Ela garante que não vai se deixar intimidar pelas barreiras policiais nas rodovias. "Vamos a Lima seja como for. A pé, se necessårio. Temos nosso milho e nosso queijo" para a viagem, acrescenta, determinada.

A barreira policial finalmente foi suspensa apĂłs a meia-noite de segunda-feira.

A crise também é um reflexo do enorme abismo entre a capital e as províncias pobres, que apoiaram o presidente Castillo e viram em sua eleição uma forma de se vingarem do desprezo que dizem receber de Lima.

"Esta Ă© uma luta da nação Chanca. Uma luta dos quĂ©chuas, dos aimaras contra um Estado que tem 200 anos de RepĂșblica e que continua marginalizando. A luta Ă© contra o racismo", opina GermĂĄn Altamirano, um agricultor de 75 anos, que usa um chapĂ©u tradicional com estampas coloridas.

Na noite de segunda-feira, o cansaço era aparente nos rostos após 24 horas de viagem.
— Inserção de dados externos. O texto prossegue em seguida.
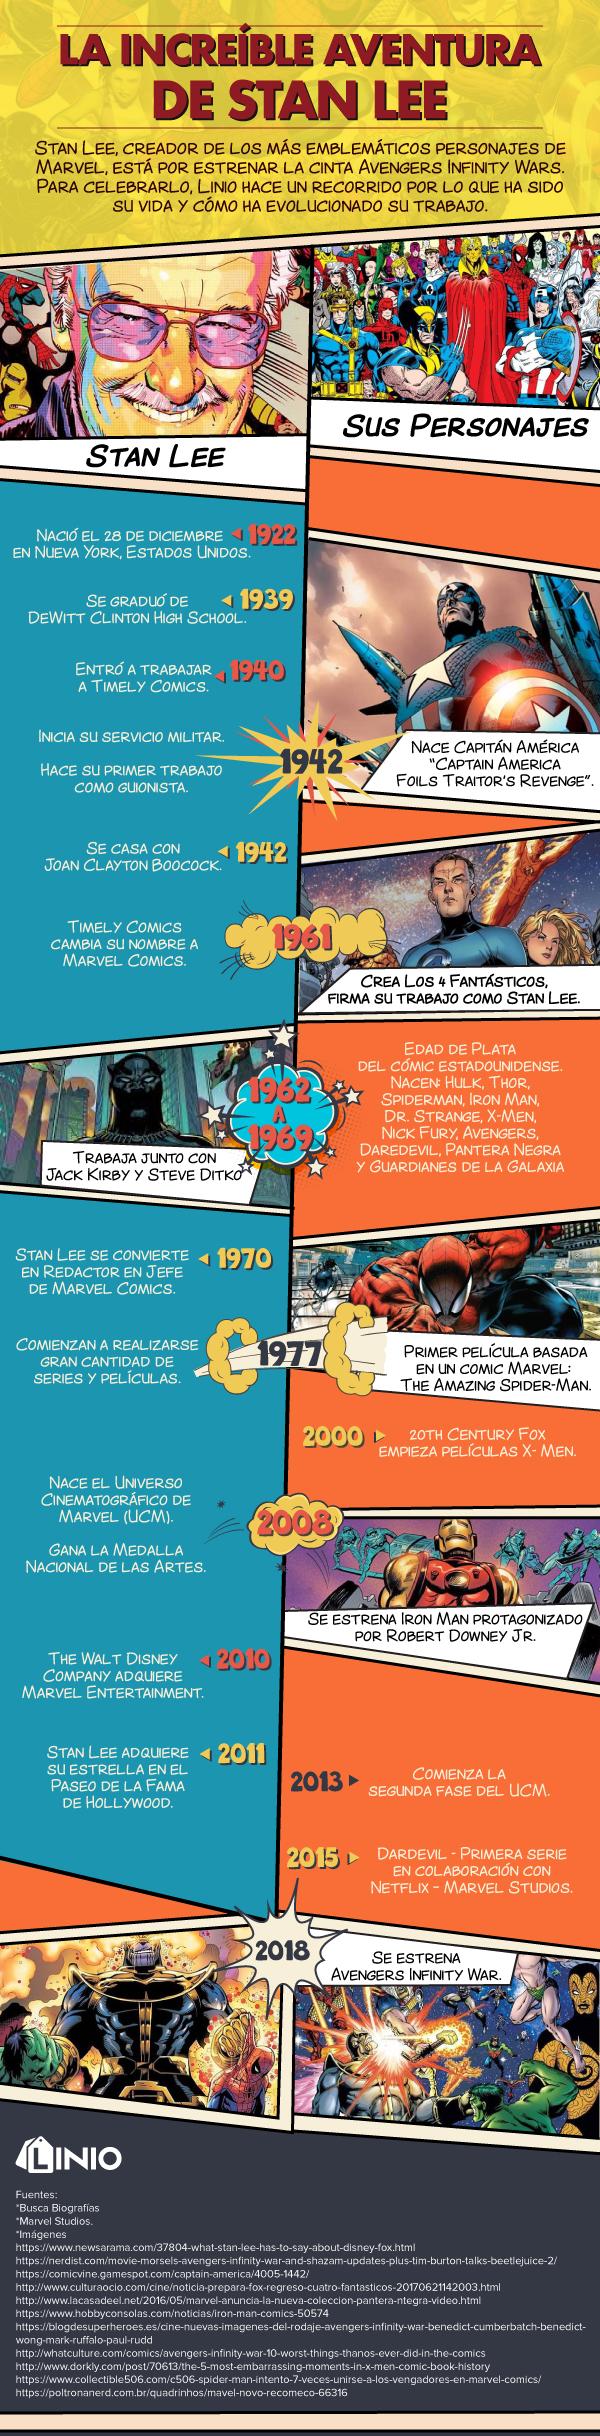 La increíble aventura de Stan Lee y sus personajes - avengers_linio_infografia

As mulheres de Humay trazem um prato enorme cheio de macarrão. Uma fila se forma para comer.

"NĂłs nos unimos para apoiar nossos irmĂŁos na luta. Queremos que Dina Boluarte seja removida, que o Congresso seja fechado e uma assembleia Constituinte" seja estabelecida, explica Maria, sem revelar seu sobrenome.

As demandas tambĂ©m sĂŁo econĂŽmicas. As regiĂ”es andinas tĂȘm a impressĂŁo de serem desassistidas pela capital, mais rica. VĂĄrios manifestantes acusam as "multinacionais", especialmente as mineradoras, de "saquear" o paĂ­s sem fazer investimentos no setor.

"A vida Ă© dura no Peru. Agora estĂĄ muito caĂłtica. Um camponĂȘs ganha 930 soles (235 dĂłlares) e alguns tĂȘm atĂ© dois familiares" para cuidar, ressalta AbdĂłn FĂ©lix.

"Se um peruano nĂŁo Ă© capaz de dar a vida por seu paĂ­s, nĂŁo Ă© peruano. Vamos continuar lutando por nossos irmĂŁos que jĂĄ deram a vida. NĂłs tambĂ©m estamos dispostos" a fazĂȘ-lo, assegura FĂ©lix.

"É o ponto de partida para que isto mude", sentencia o homem.